“No,” said Marley, “thank you. I’ve just been feeling a little bit blue, that’s all.”

“What about?”

“Oh, I don’t know. I’m kind o’ discouraged. It seems to me that I’m wasting time; I’m not making any headway and then everybody in town is—”

“I wouldn’t mind that,” said Powell, divining the trouble at once. “They’ve had me on the gridiron for about forty years, and they never get tired of giving it a twist. It doesn’t bother me much any more, and I don’t see why you should let it bother you, especially as all they say about you is a damn lie.”

The speech touched Marley, and he lost himself in an impulse of sympathy for Powell, but he could not put his sympathy before Powell in the way he would like and his mind soon returned to himself.

“I’ve got to do something,” he said. “I wish I knew what.”

“Well,” said Powell, “you know what I’ve always told you.
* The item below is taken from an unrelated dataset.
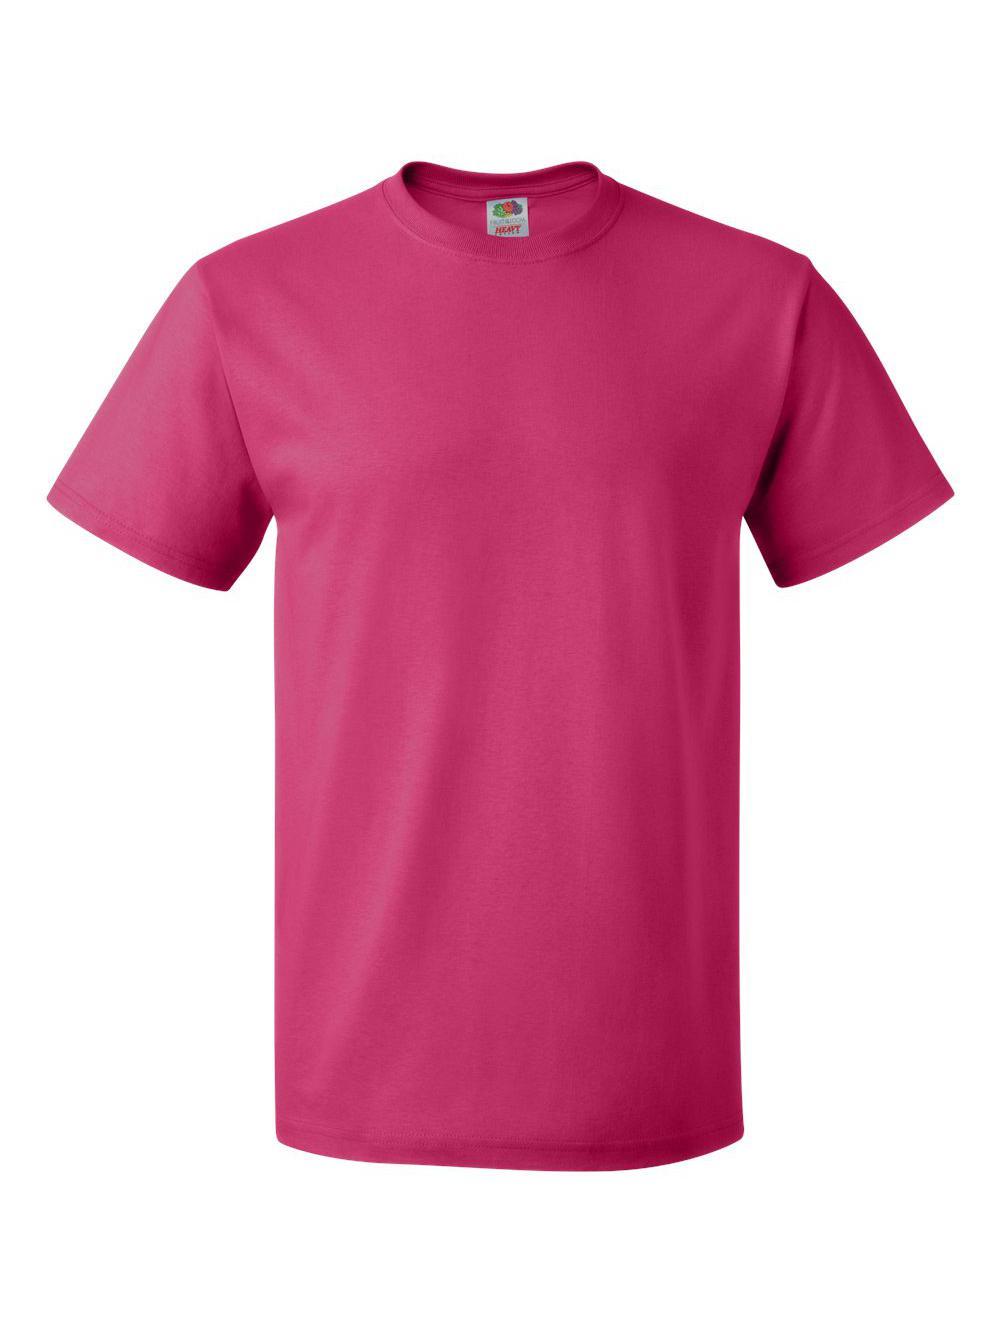 Fruit-of-the-Loom-HD-Cotton-Short-Sleeve-T-Shirt-3930R thumbnail 42
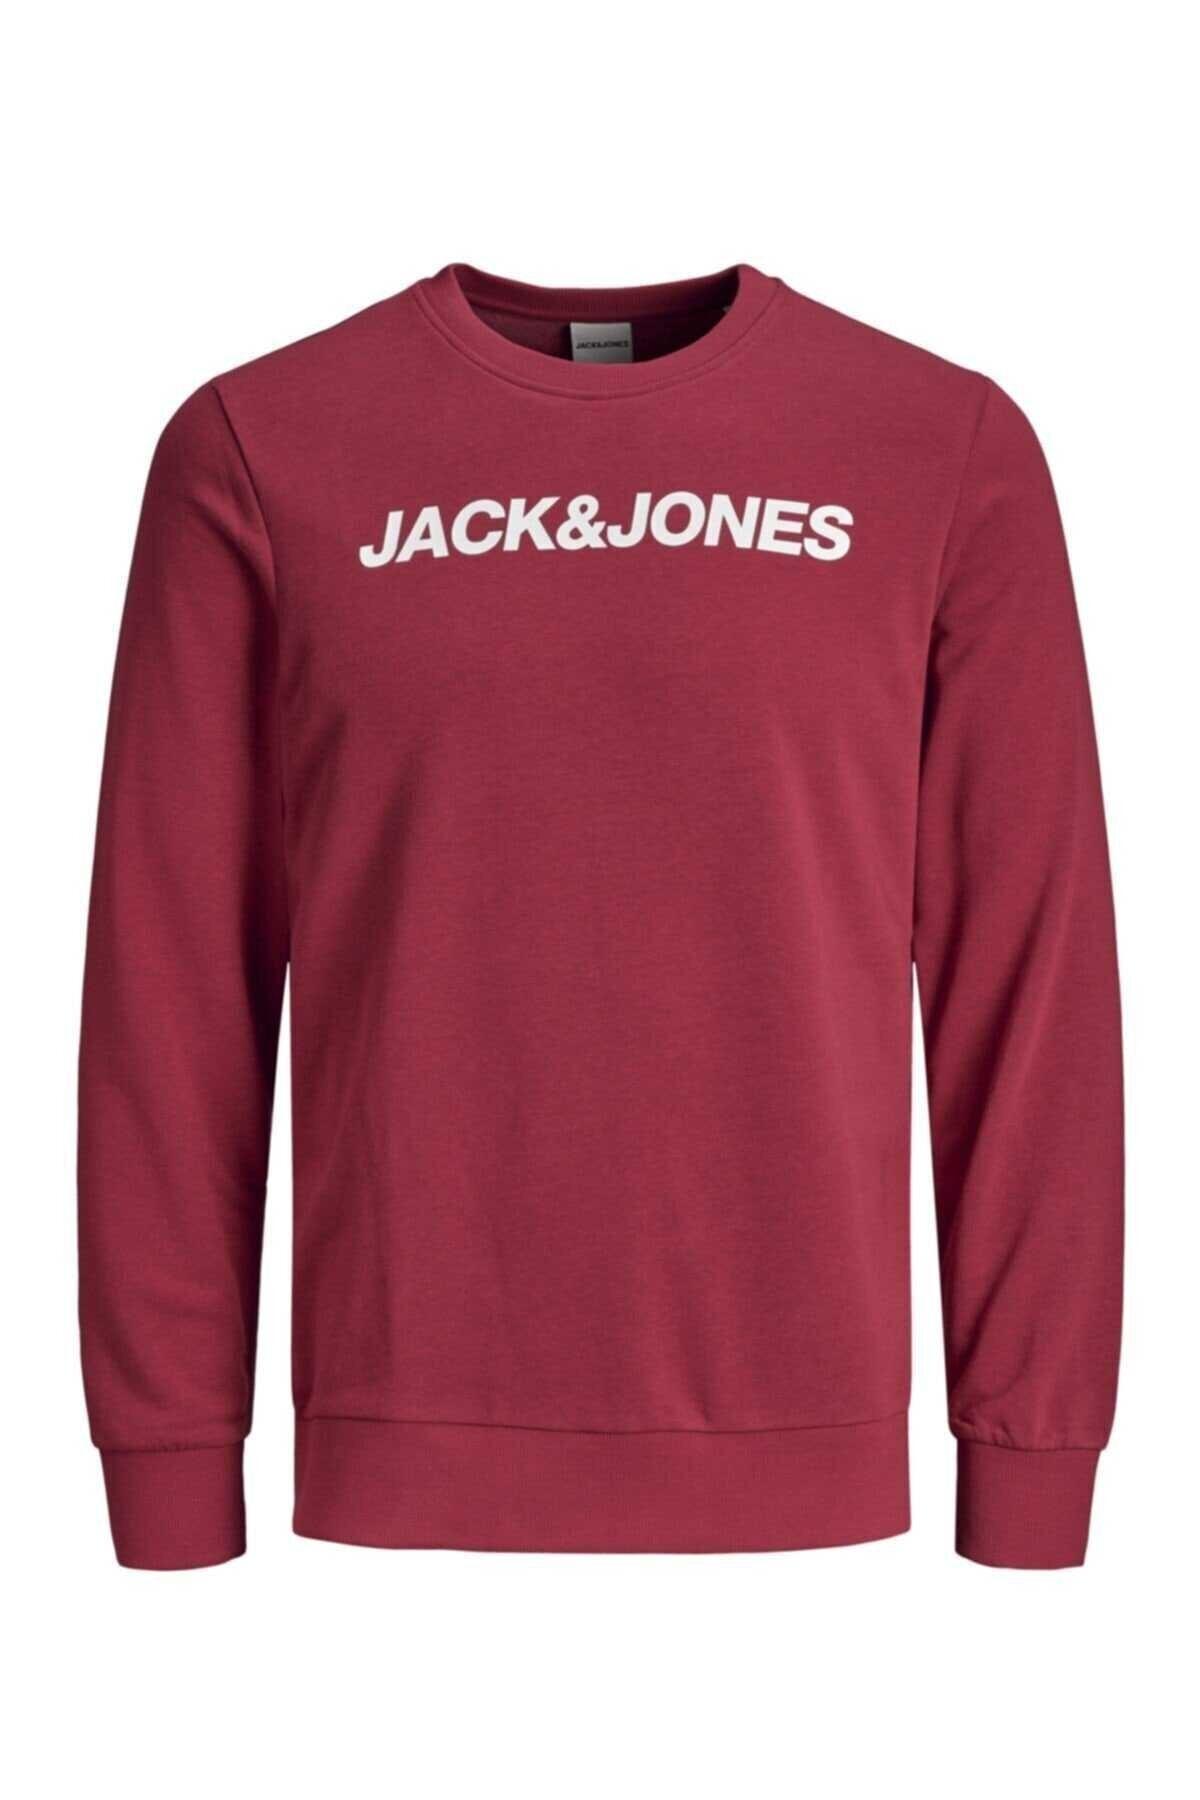 Jack & Jones Jack&jones Jcovıbe Sweat Crew Neck Erkek Sweat 121 1

I know what I’d do if I were your age. Of course—”

Powell did not finish his sentence. He was looking out the window again, lost in introspection.

Powell’s reiteration of his old advice expressed the very thought that had been nebulous in Marley’s mind for days, and while he was conscious of it, he feared the consciousness, and struggled to prevent it from positing itself. But now that Powell had voiced it for him, he could escape it no longer, and it filled him with a fear. He went about all the day with this fear appalling him; more and more under its perverse influence he felt himself an alien, and the people he met in the street seemed unreal and strange, outlandish persons whom he had never known. They came upon him as ghosts, or if they did something to prove their reality, he seemed to be some ghost himself.

In the afternoon he received a note from Lavinia; she said that she was going that evening with George Halliday to a concert in the Opera House. She did not want to go a bit, she said, but her mother, and especially her father, had urged her to go; arguing that she now went out so seldom that it must do her good, and besides, they had urged her so often that she felt it to be her duty in this instance; she had held out as long as she could, and then had yielded.